Provided data:
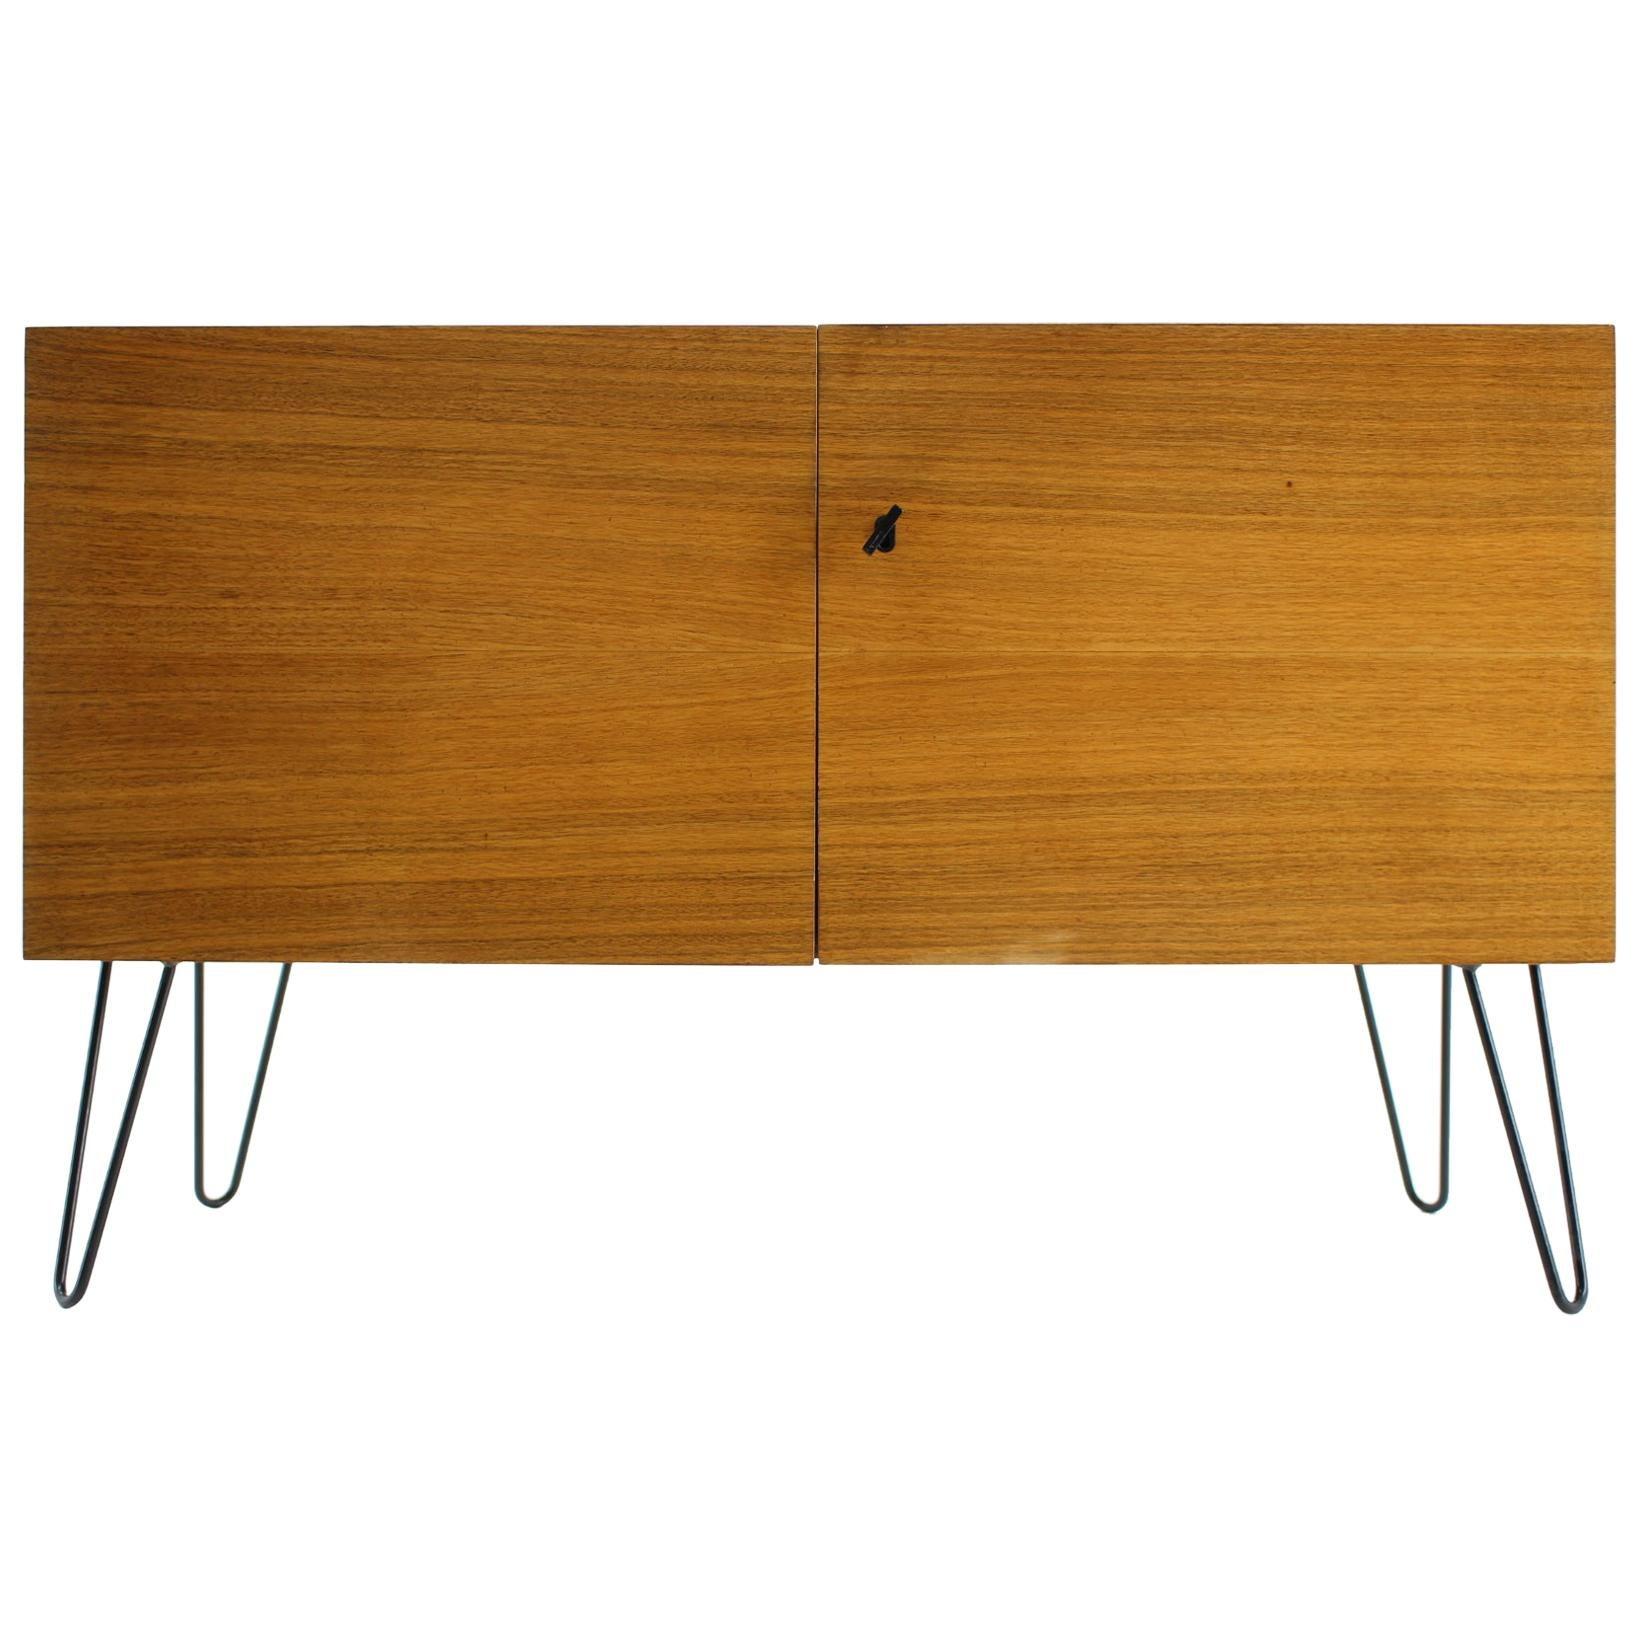 Midcentury Design Teak Sideboard by SEM, Switzerland, 1960s
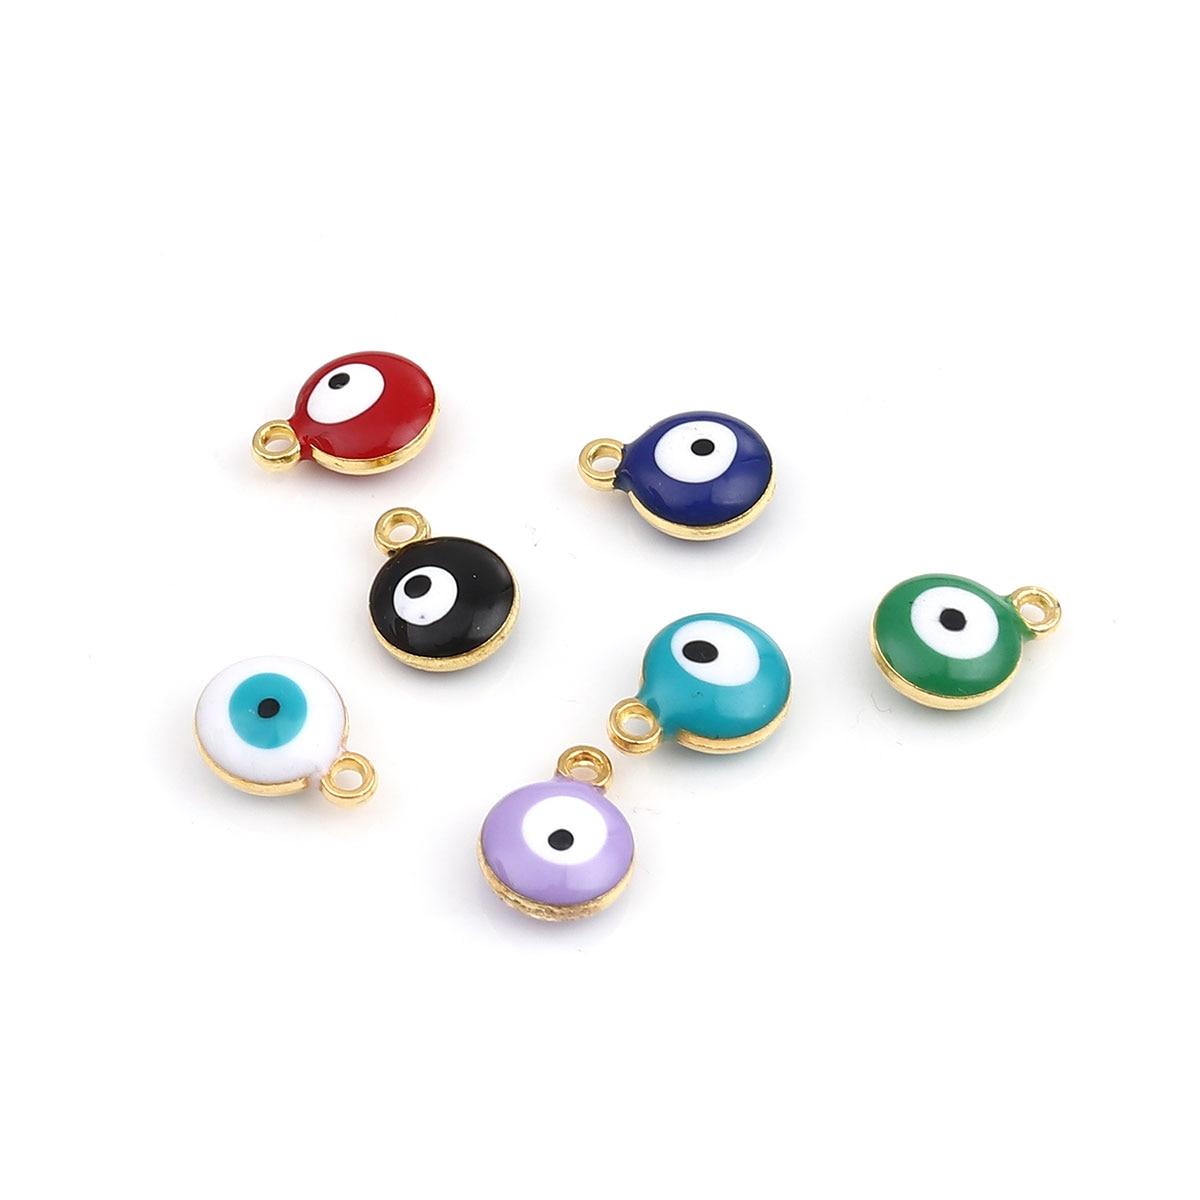 20 pièces émail mauvais œil breloques alliage à base de Zinc religieux breloques rondes couleur or couleur argent pour bijoux à bricoler soi-même faisant 13*10mm
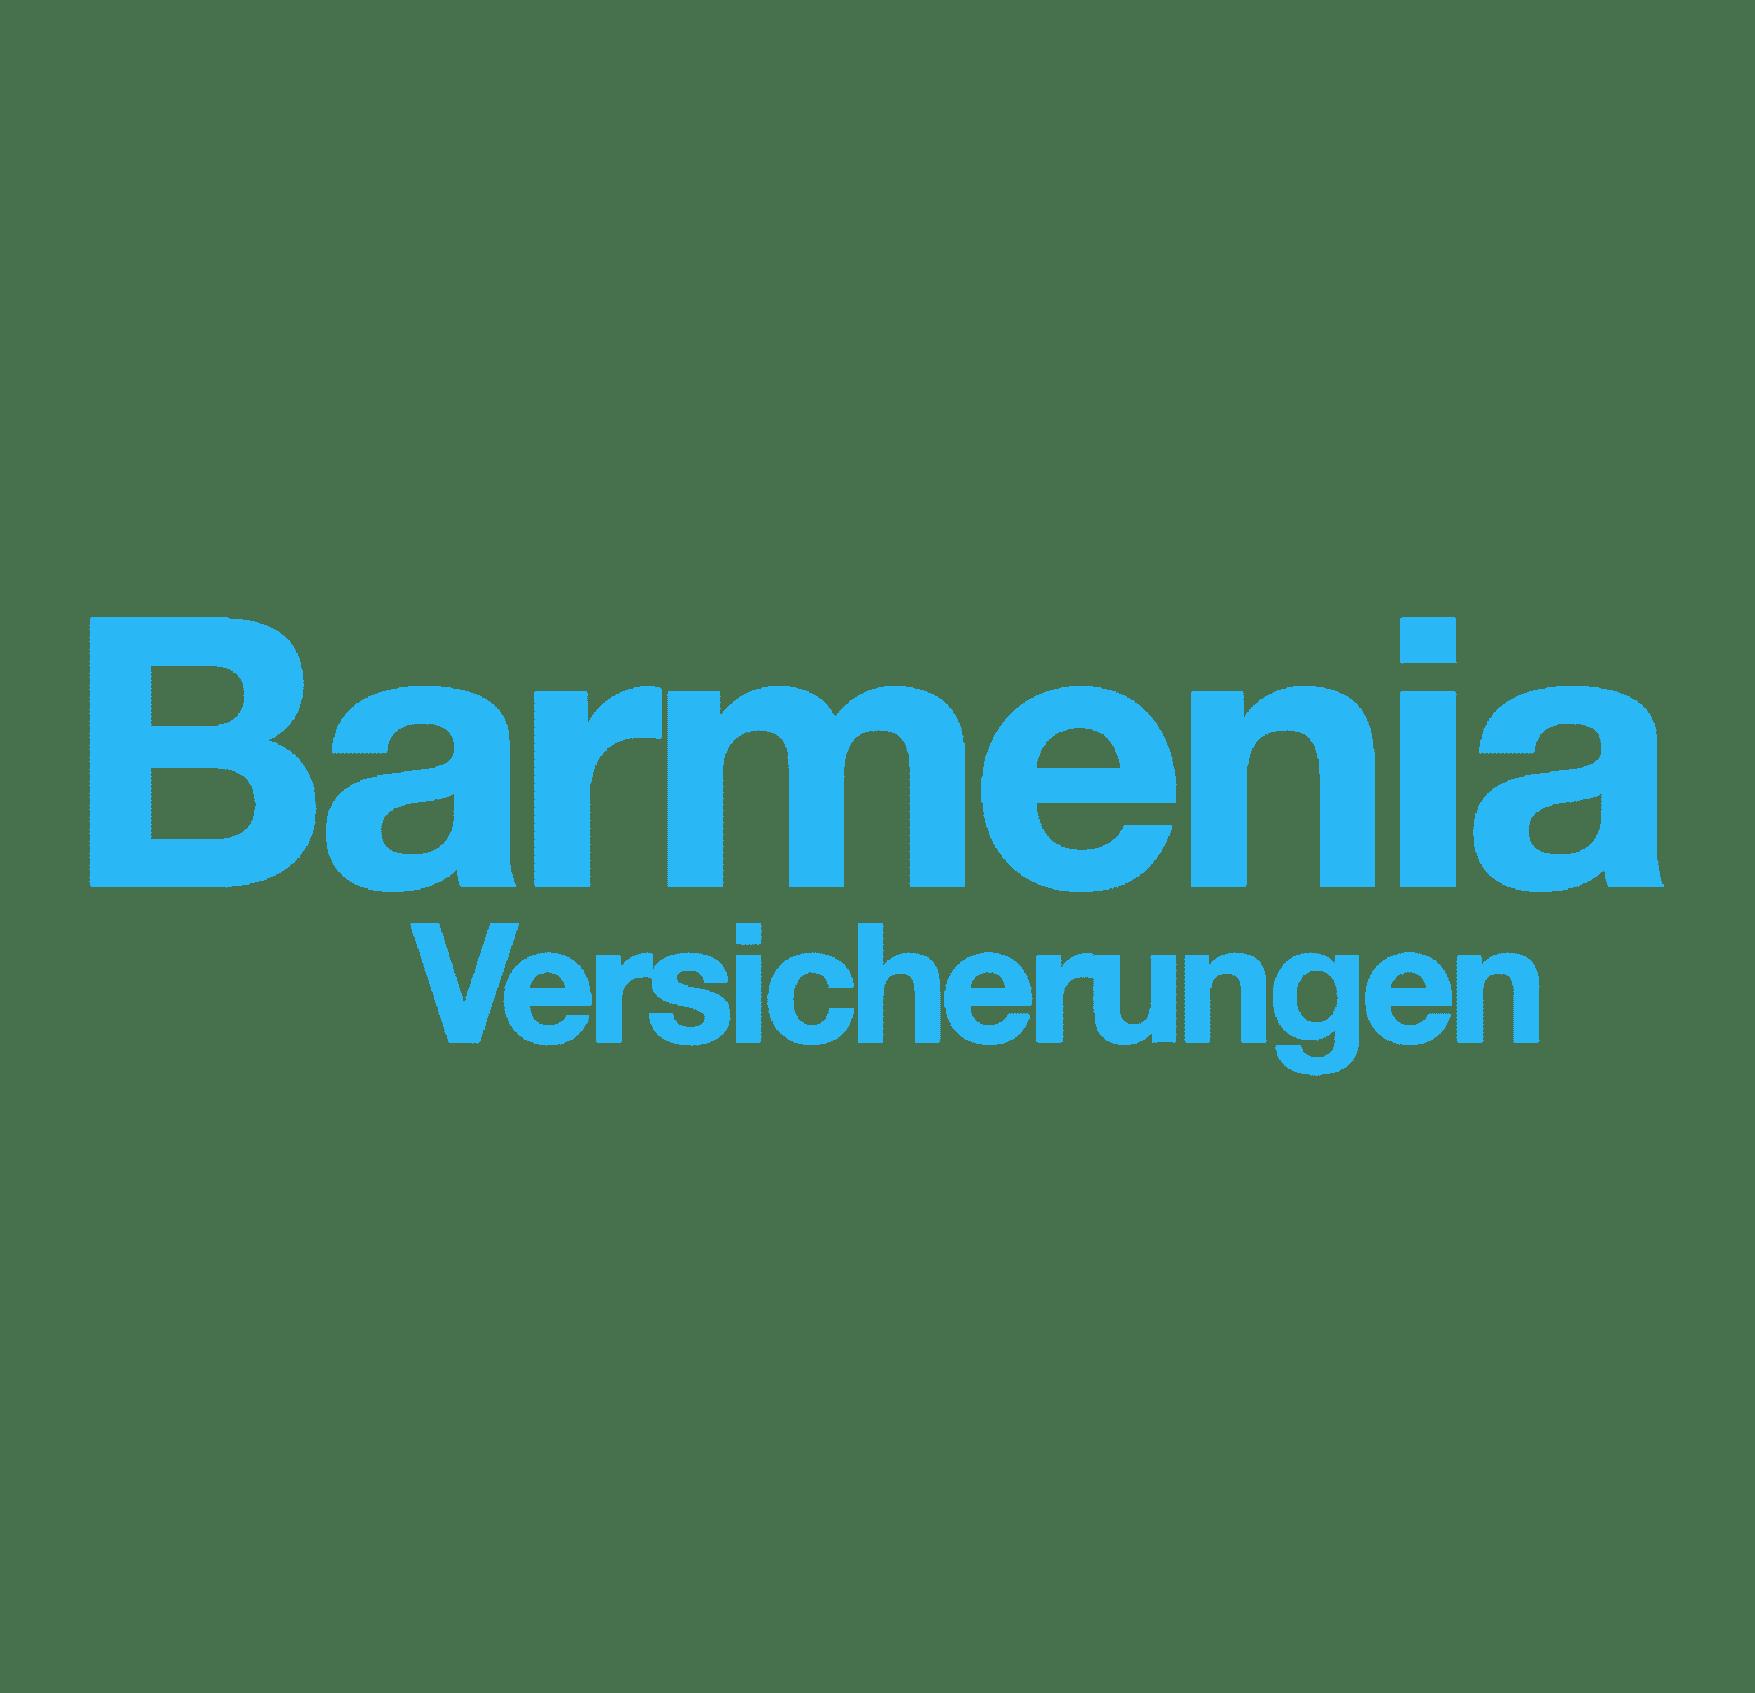 Referenz Barmenia

Description of the task: Repeat the data exactly. Pictures should not appear.

Expected answer:
 Midcentury Design Teak Sideboard by SEM, Switzerland, 1960s
 20 pièces émail mauvais œil breloques alliage à base de Zinc religieux breloques rondes couleur or couleur argent pour bijoux à bricoler soi-même faisant 13*10mm
 Referenz Barmenia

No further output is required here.